More on Soda Bread

Had a chance to test the recipe I gave recently for soda bread using yogurt back in the good Ol’ USA. Some minor modifications are a good idea. The self-rising flour here, or at least the flour from Publix, is very salty. So don’t add any salt, or use regular flour and add your own baking powder. The flour here is also a different, slightly bitter, wheat and much finer ground. So relative to the UK, the bread had a salty sour taste. The crusty texture was quite similar to the UK version.

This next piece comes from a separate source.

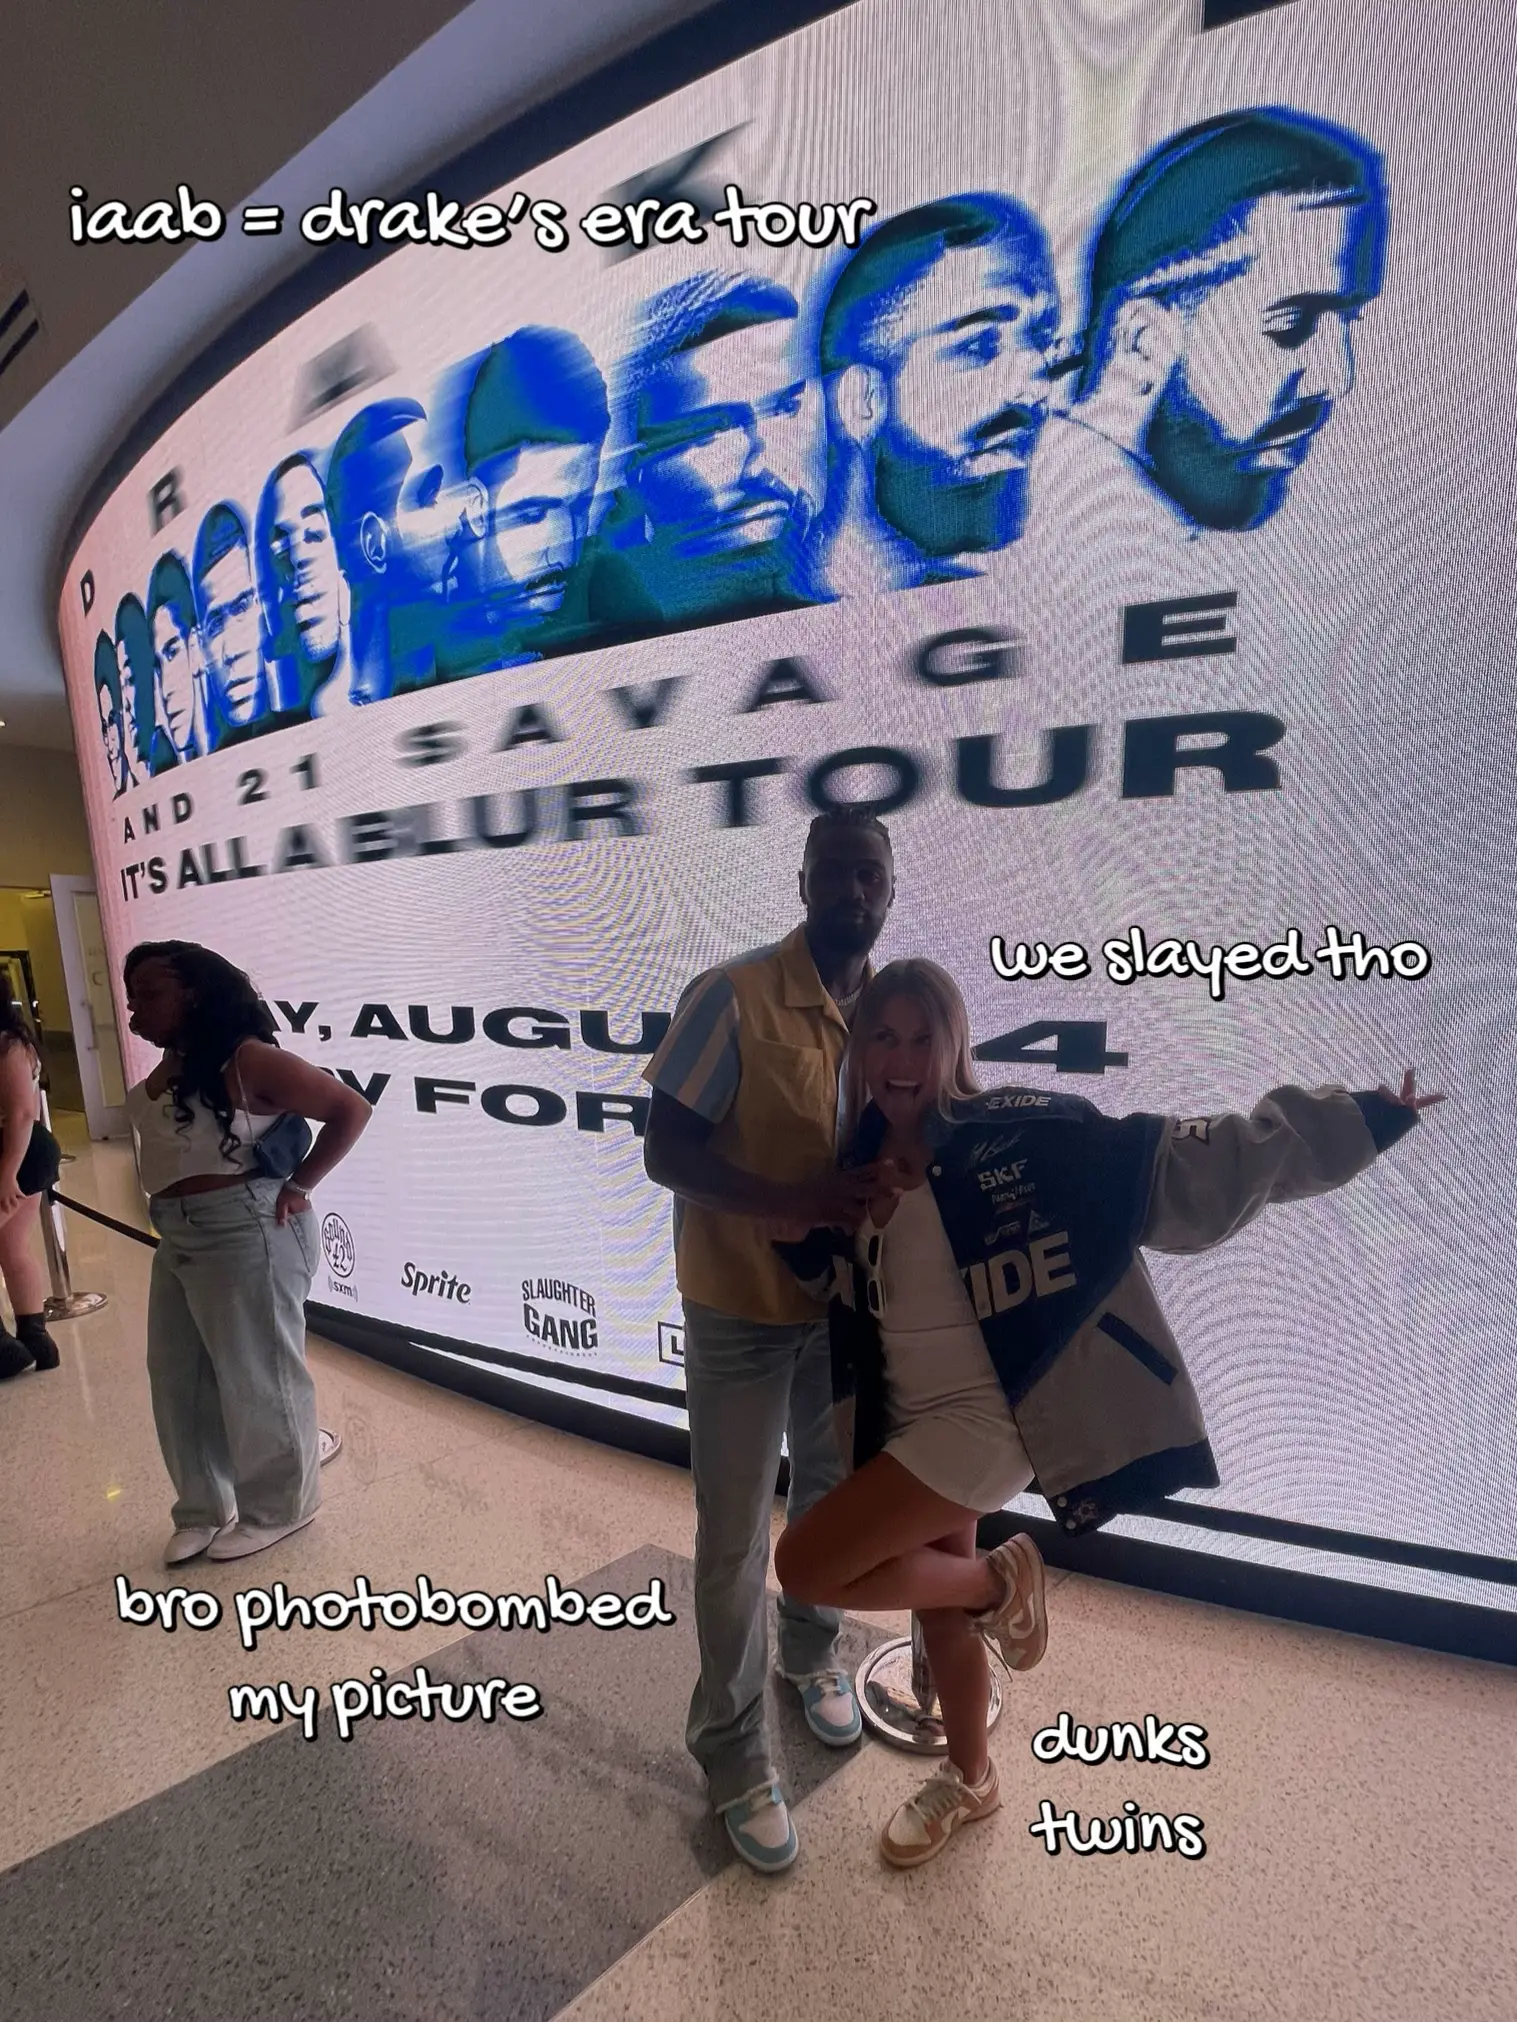  A man and a woman are standing in front of a large display of photos. The man is wearing a blue shirt and the woman is wearing a white shirt. The man is holding a cell phone and the woman is holding a cell phone. The display of photos includes people

Here’s the recipe modified for the USA.

300g self-rising flour (2 cups +-)
1 cup Greek yogurt  (my scale’s battery went out right here)
water if needed.

NO SALT!

400F oven.

Mix the flour and the yogurt, then if needed to make a dough add a small amount of cold water. Knead gently and put on a floured baking sheet. Cut a cross in the top and bake for about 1/2 hour until the loaf sounds hollow and is a nice color.

Enjoy.

Author: Amelia

A mild-mannered professor of computer science in real-life, I remove my glasses in the evening to become, well, a mild-mannered author in my alternate reality. I mostly write sweet romantic fiction, although with an occasional science-fiction or paranormal angle thrown in. I have interests in history, mathematics (D'oh), and cryptography. I'm also something of an Anglophile, and know that country pretty well. In addition to writing, research, and more writing, I volunteer with the scouts. I'm something of a nature-nut, enjoying long walks in the country with almost ultra-light gear, boating, and identifying wildlife.